Мой отец говорил об этих стихах — они не просто о тополе, нет, о карабахском тополе, тот, словно человек, целеустремлённый, упрямей и выше. Место у него тесное, со всех сторон его продолжают теснить, а он всё равно тянется вверх над ущельями и горами, чтобы разглядеть тополь, растущий в Араратской долине, и чтобы тополь Араратской долины заметил его — такой же армянский тополь из армянского Карабаха.

— Что скажешь?

В эту минуту я достал из серванта бутылку коньяка «Апшерон».

— Сам не пробовал, — уклончиво сказал я, не глядя на него. — Говорят, неплохой. Гейдар Алиев лишь «Апшерон» и пьёт, сам видел.

— Ну, ты даёшь, — усмехнулся Армен. — Я ведь о стихах.

Ситуация сложилась щекотливая. Помявшись, я сказал:

— Знаешь, в 59-м году, когда Сильва Капутикян приехала в Карабах, мой отец учился в десятом классе. По его словам, она как раз тогда и написала это стихотворение. Сама сказала про это на встрече со школьниками.

Мне показалось, Армен смутился. Но его замешательство длилось долю секунды.

— Ну и ну, — как ни в чём не бывало произнёс он. — Выходит, я затвердил наизусть чужие стихи. Знал, что ты коренной карабахец, оттого и прочёл. Карабахцы, скажу я тебе, сильный народ. Недаром Магда Нейман превозносит их до небес. Ты читал?

— Конечно.

— Говоришь, «Апшерон» неплохой коньяк? — Меня уже не удивляло, что он поминутно перепрыгивает с темы на тему. Он потёр ладони. — А ну налей, поглядим. Сталин тоже писал стихи. «Распустилась роза, нежно обняла фиалку, и жаворонок заливается под облаками».

На следующий день к концу работы Армен появился в редакции. Он был не один. С девушкой, увидав которую, я непроизвольно поднялся со стула и, заворожённый поразительной её красотой, так и обмер на месте.
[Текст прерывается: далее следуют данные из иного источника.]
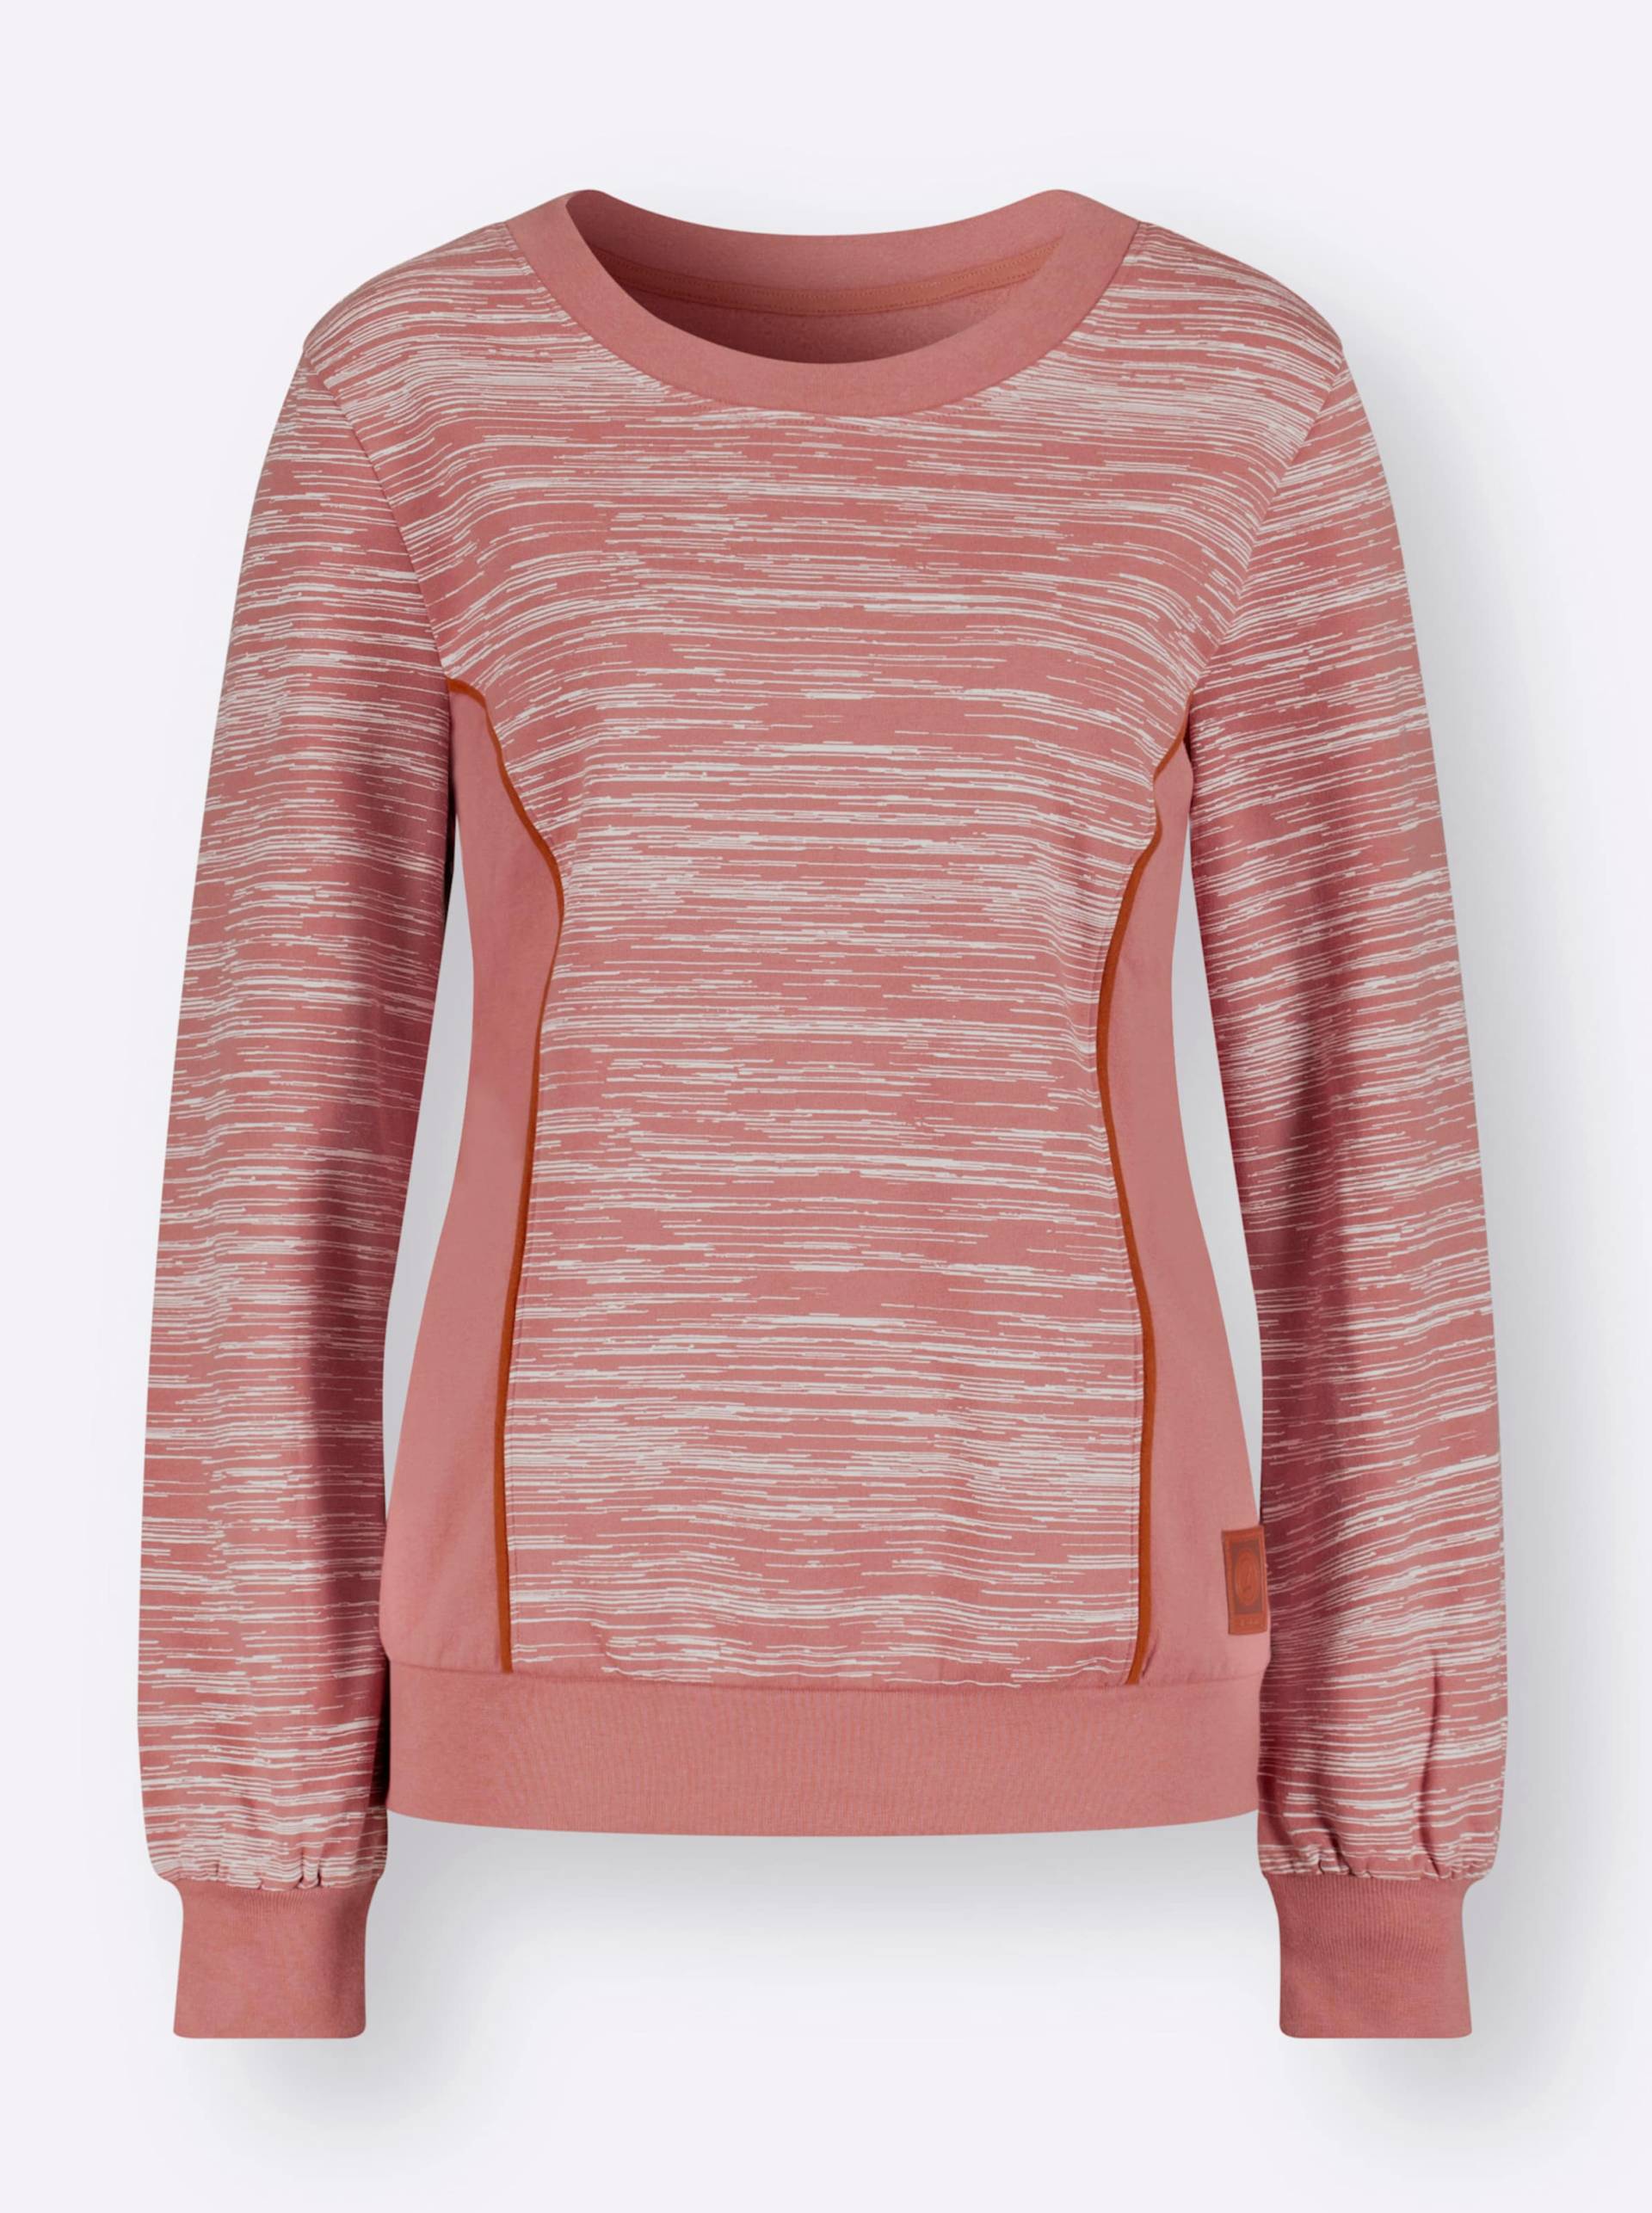 Sweatshirt in rosenholz-ecru-bedruckt von heine von heine

Армен заприметил это и тотчас воодушевился. Девушке было с виду лет семнадцать-восемнадцать, белое под стать белейшей её коже платье туго обтягивало тонкий стан. Золотистые с каштановым отливом блестящие волосы мелкими волнами падали на плечи, тонкие стрелы бровей, красивый нос с чувственными ноздрями, алые, живописно очерченные и слегка припухлые губы дополняли картину. Глаза же… синие её глаза по-весеннему нежно лучились, устремляясь то на меня, то на Армена.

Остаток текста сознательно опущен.